◆ **SUPPLIED MATERIAL**
-=-=-
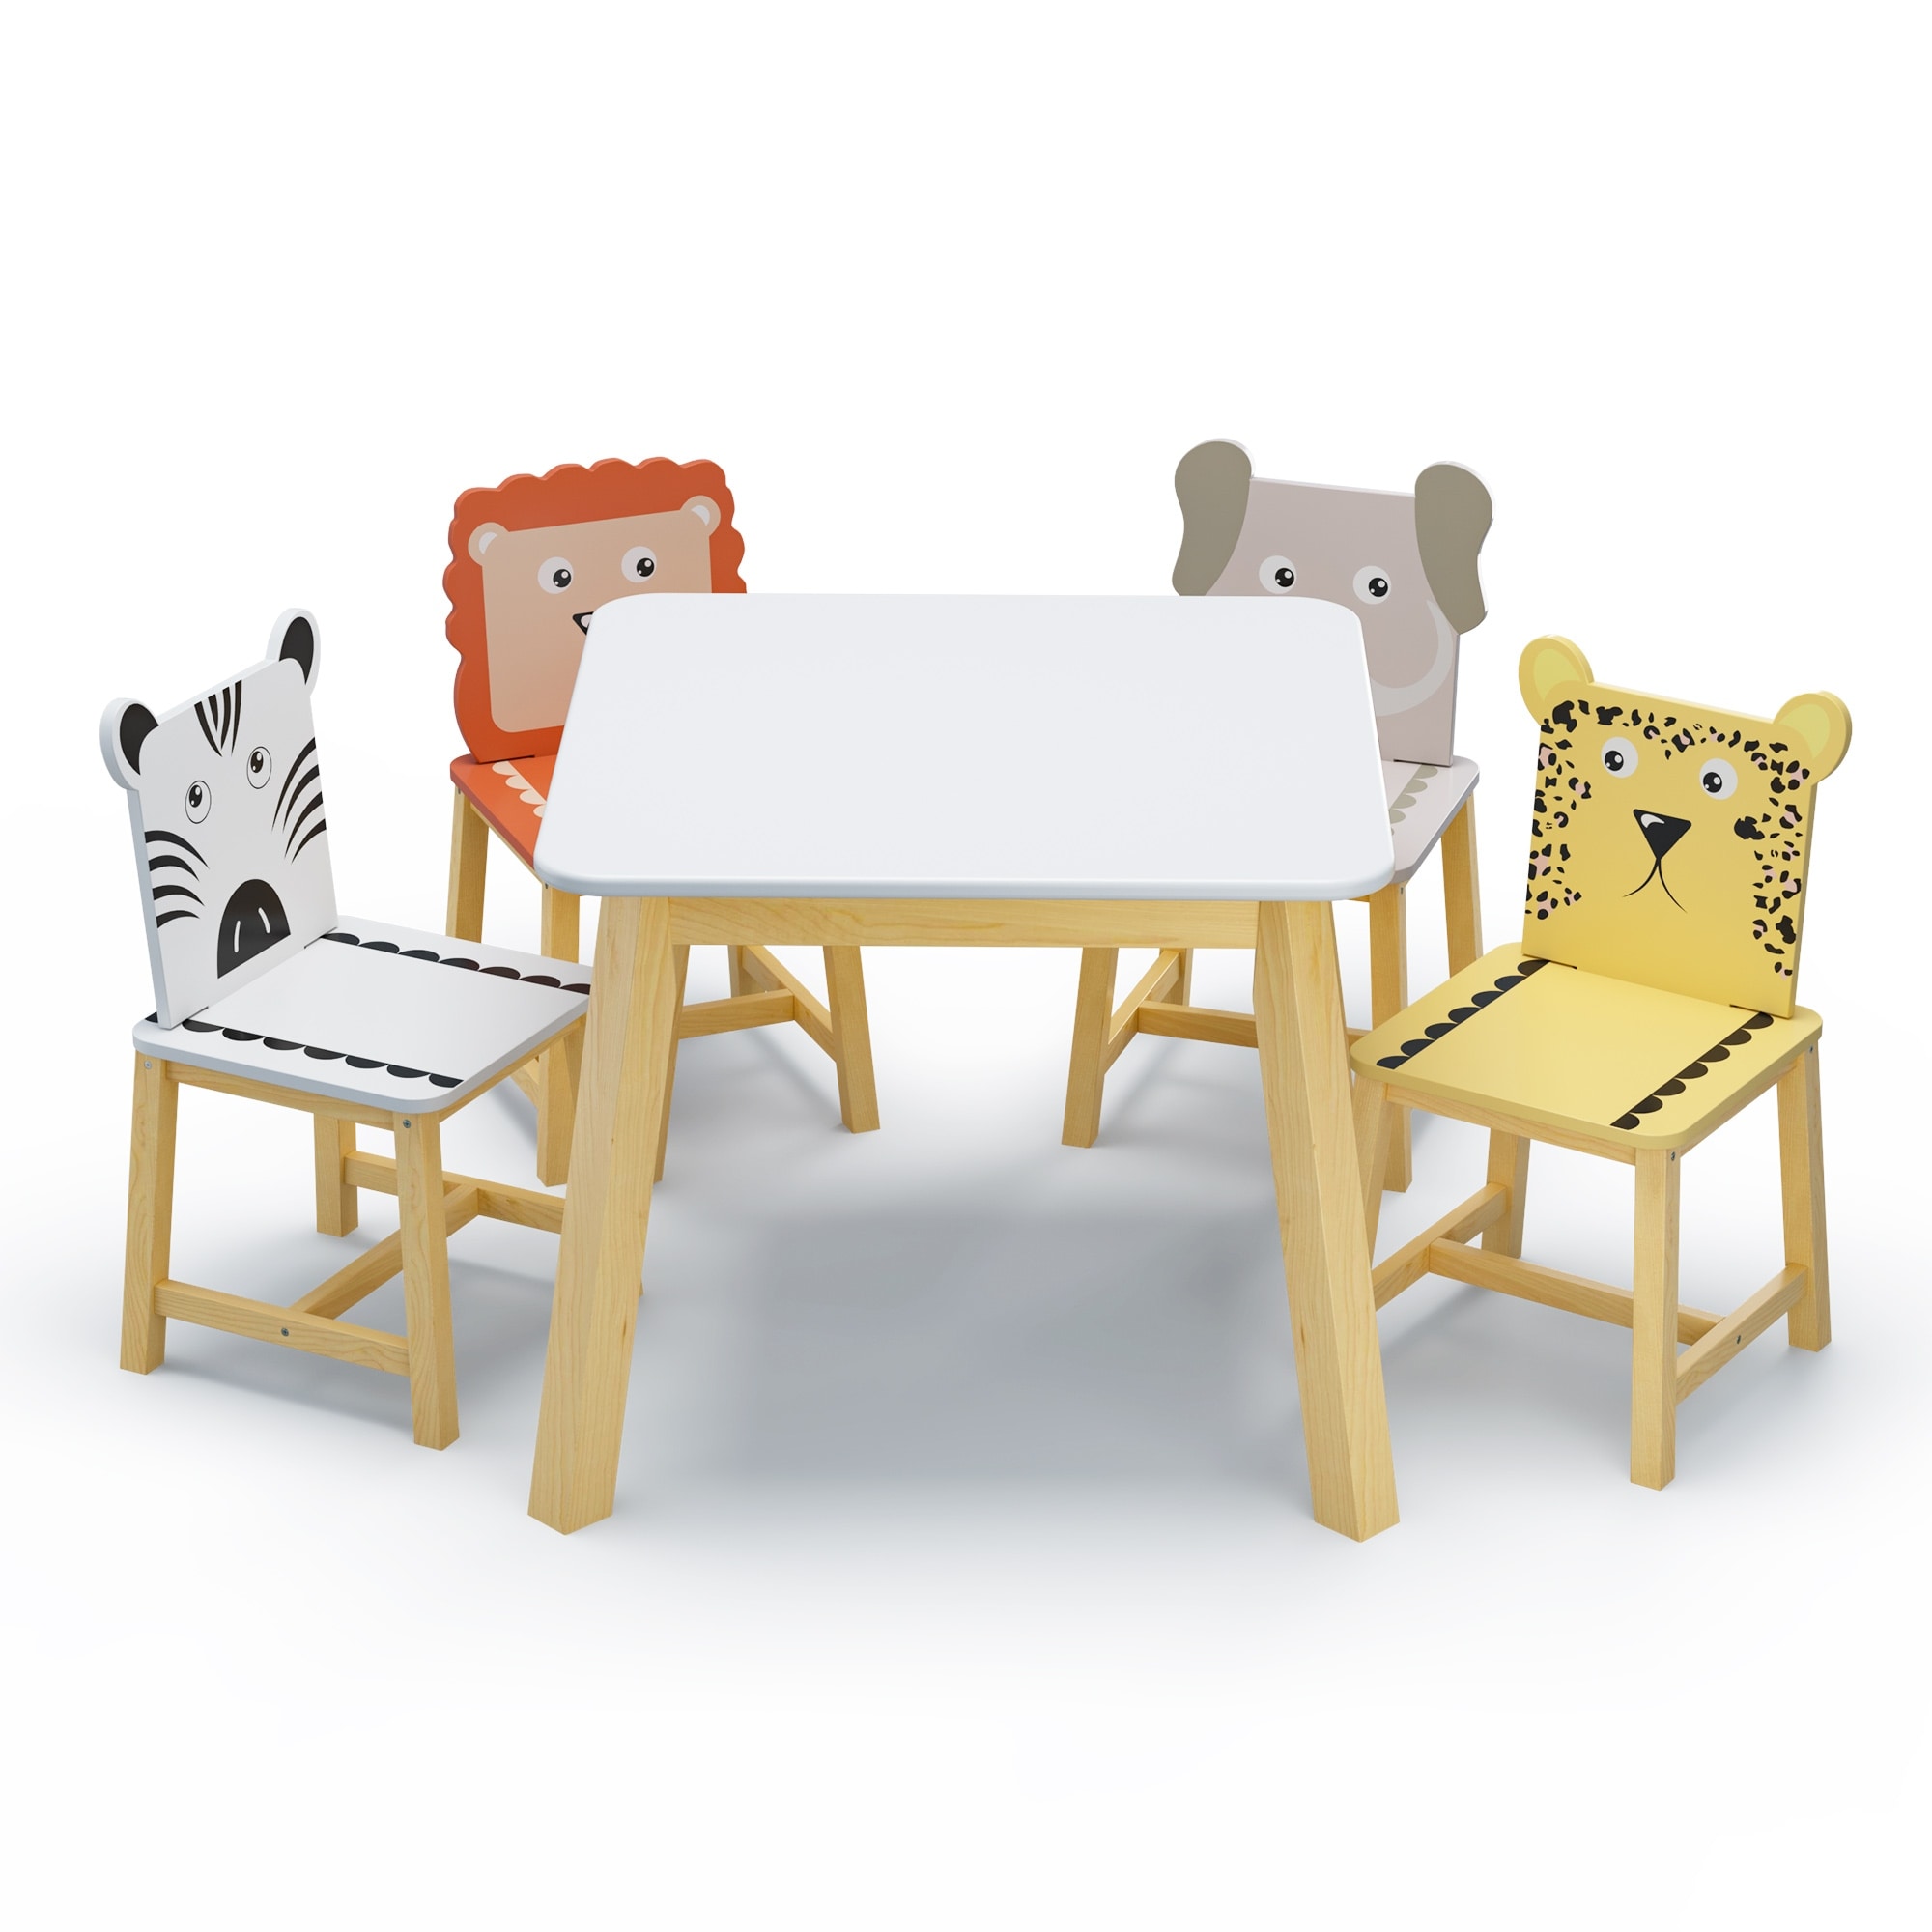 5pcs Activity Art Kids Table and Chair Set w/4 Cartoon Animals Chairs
-=-=-
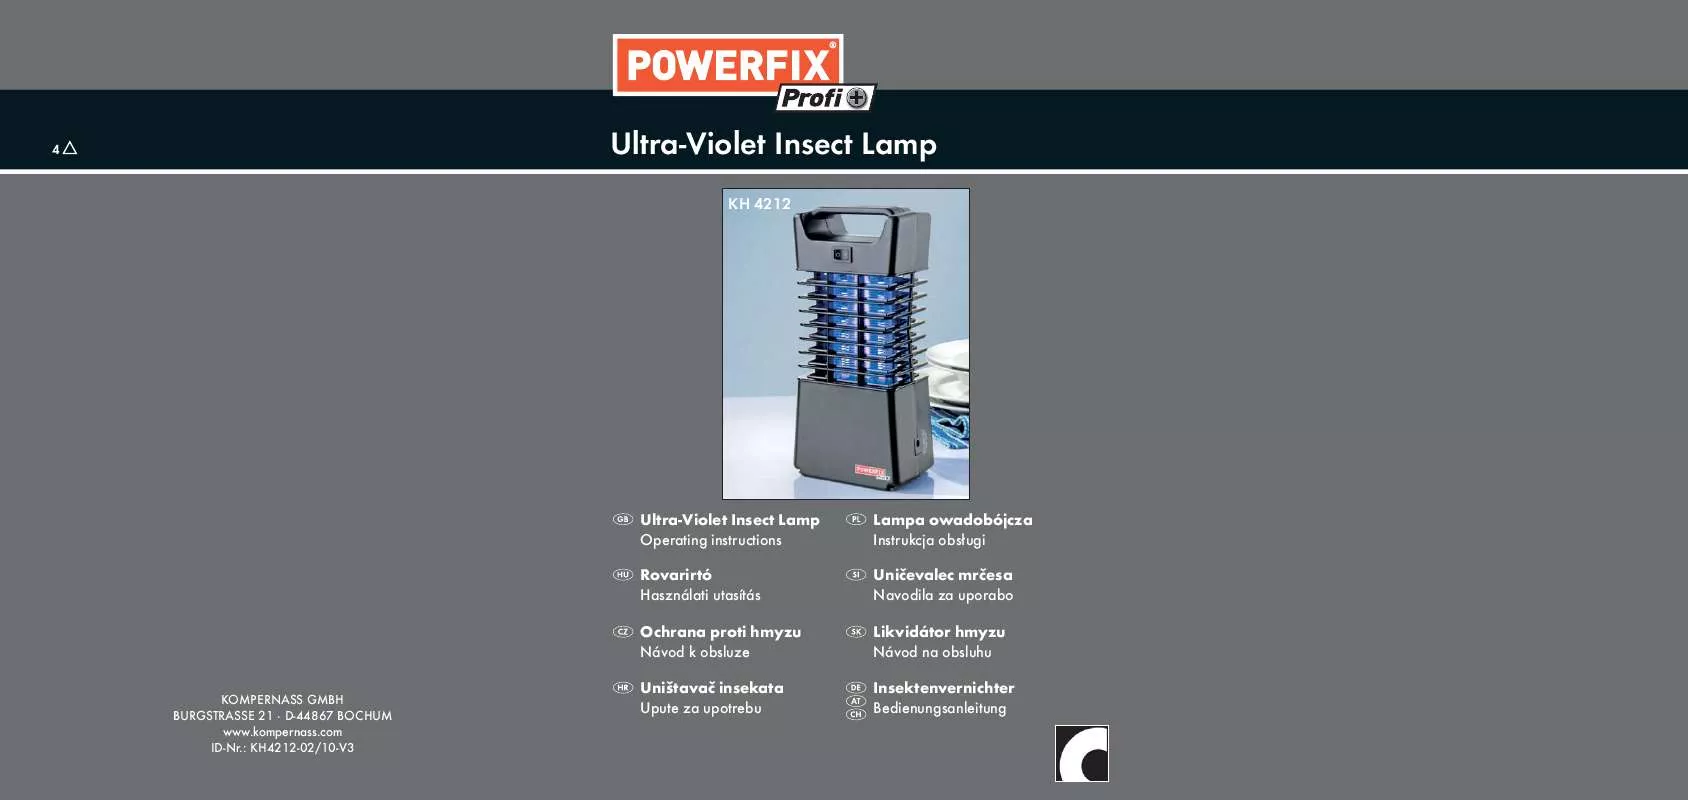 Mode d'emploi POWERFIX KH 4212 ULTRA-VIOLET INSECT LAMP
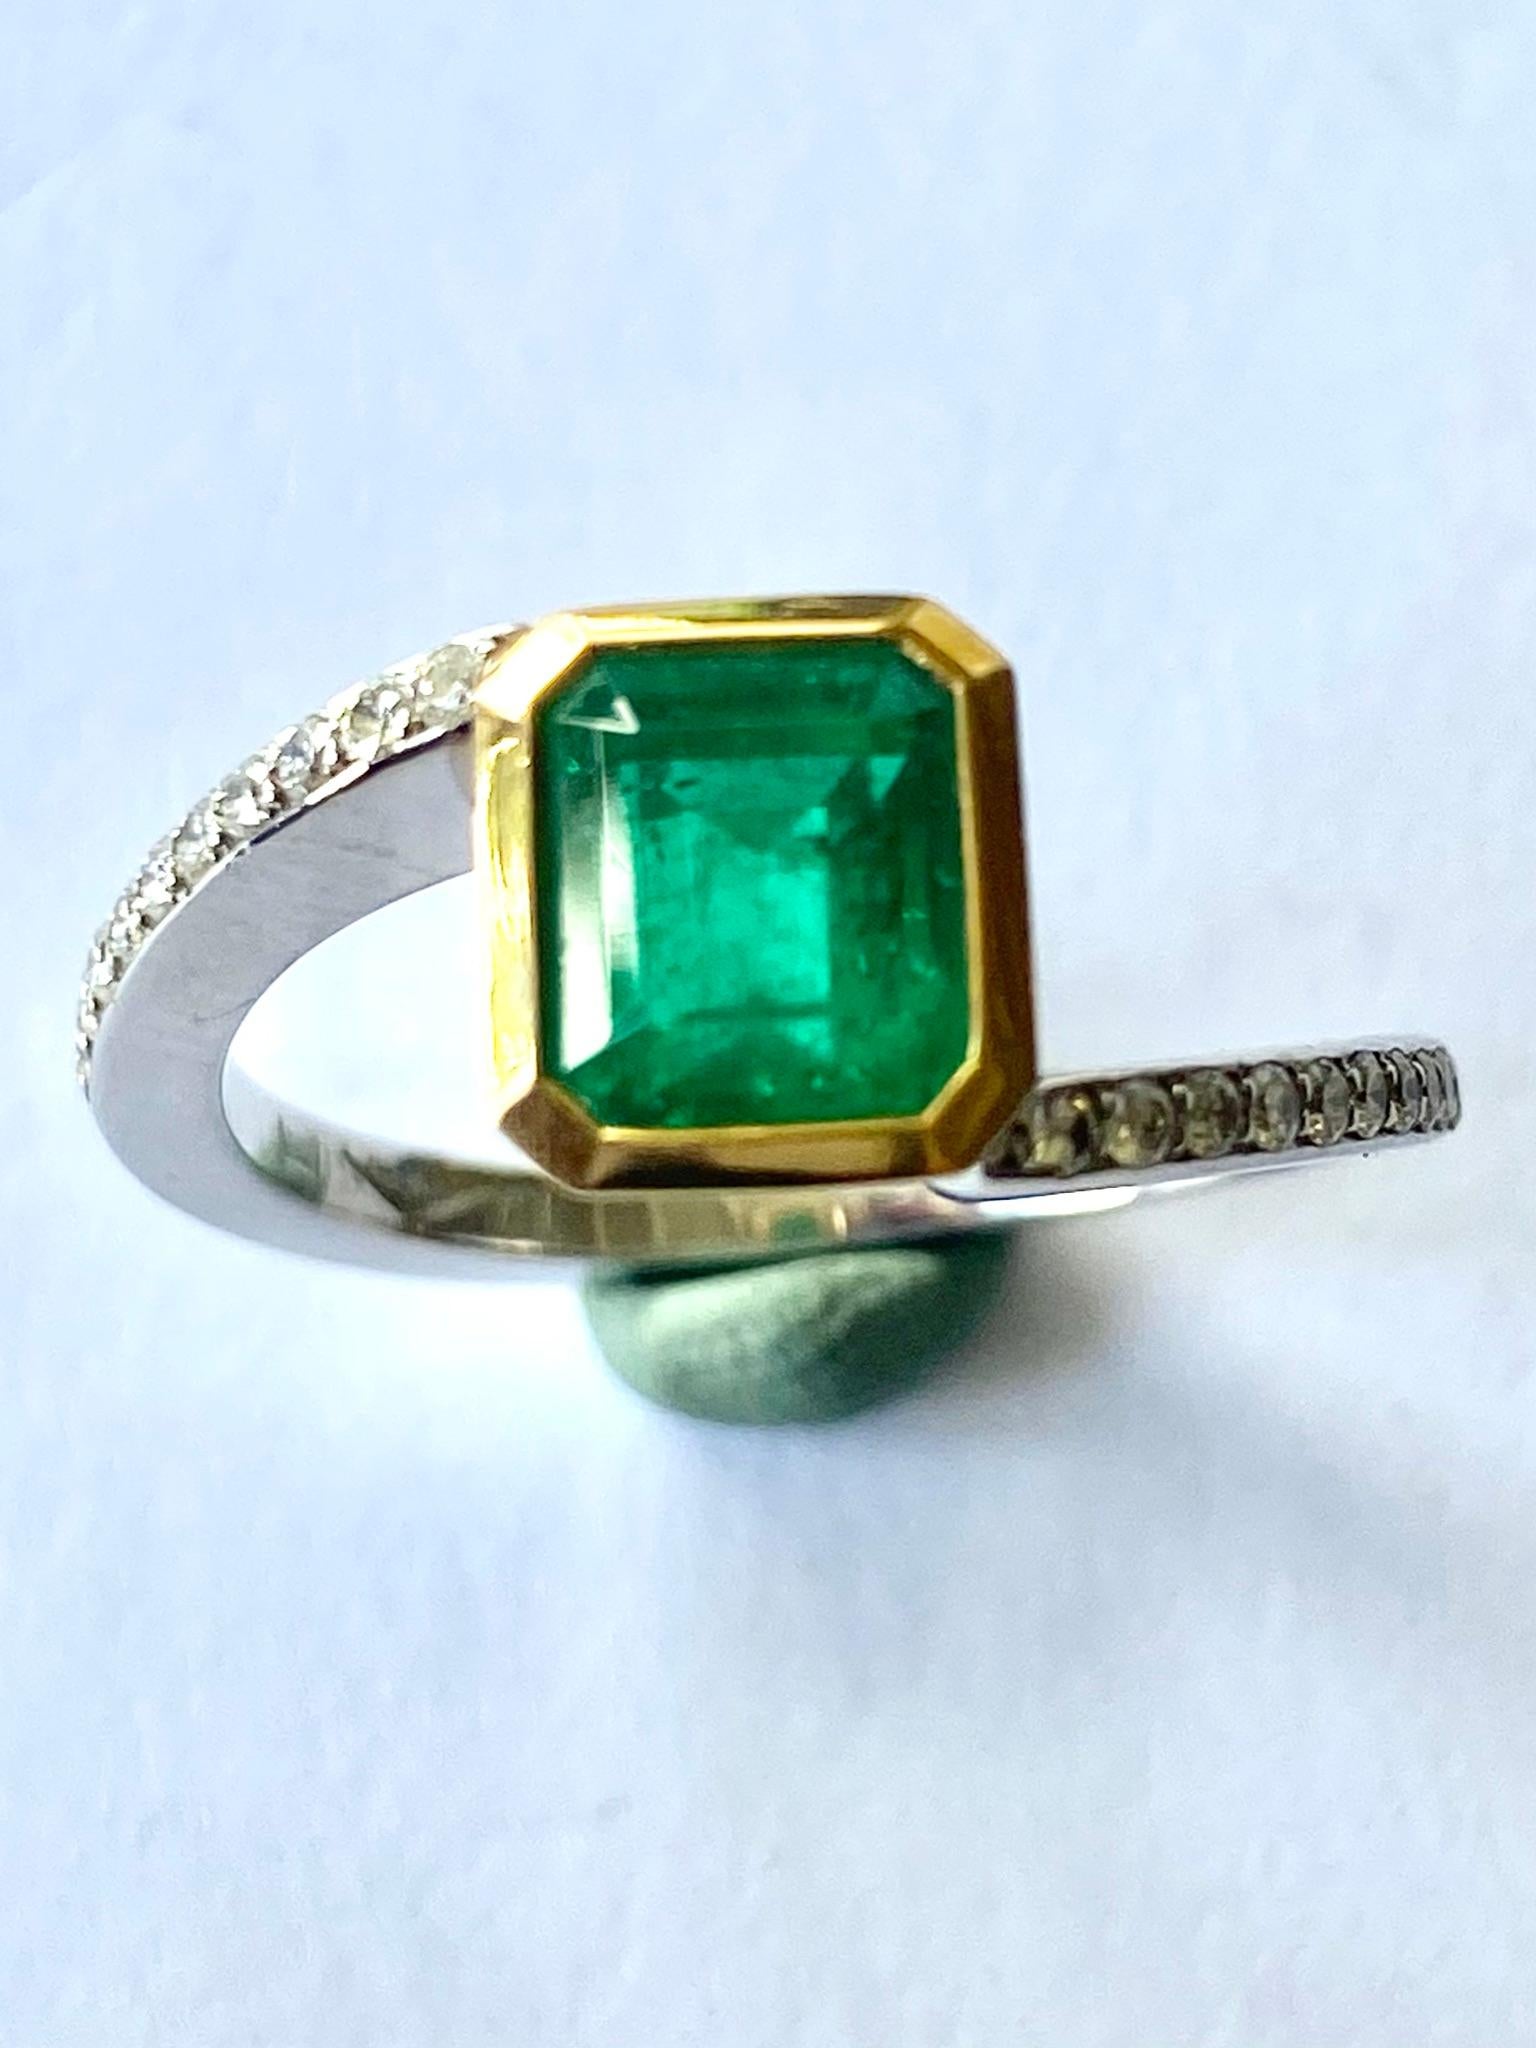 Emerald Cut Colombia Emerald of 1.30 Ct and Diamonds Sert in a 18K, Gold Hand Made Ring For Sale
-=-=-
◆ **PROBLEM TO WORK ON**
Look above for the line with "Mode d'emploi POWERFIX", then print it and each line after it down to and including the line with "Emerald Cut Colombia". Leave out the pictures and keep the wording exact.

◆ **SOLUTION**
 Mode d'emploi POWERFIX KH 4212 ULTRA-VIOLET INSECT LAMP
 Emerald Cut Colombia Emerald of 1.30 Ct and Diamonds Sert in a 18K, Gold Hand Made Ring For Sale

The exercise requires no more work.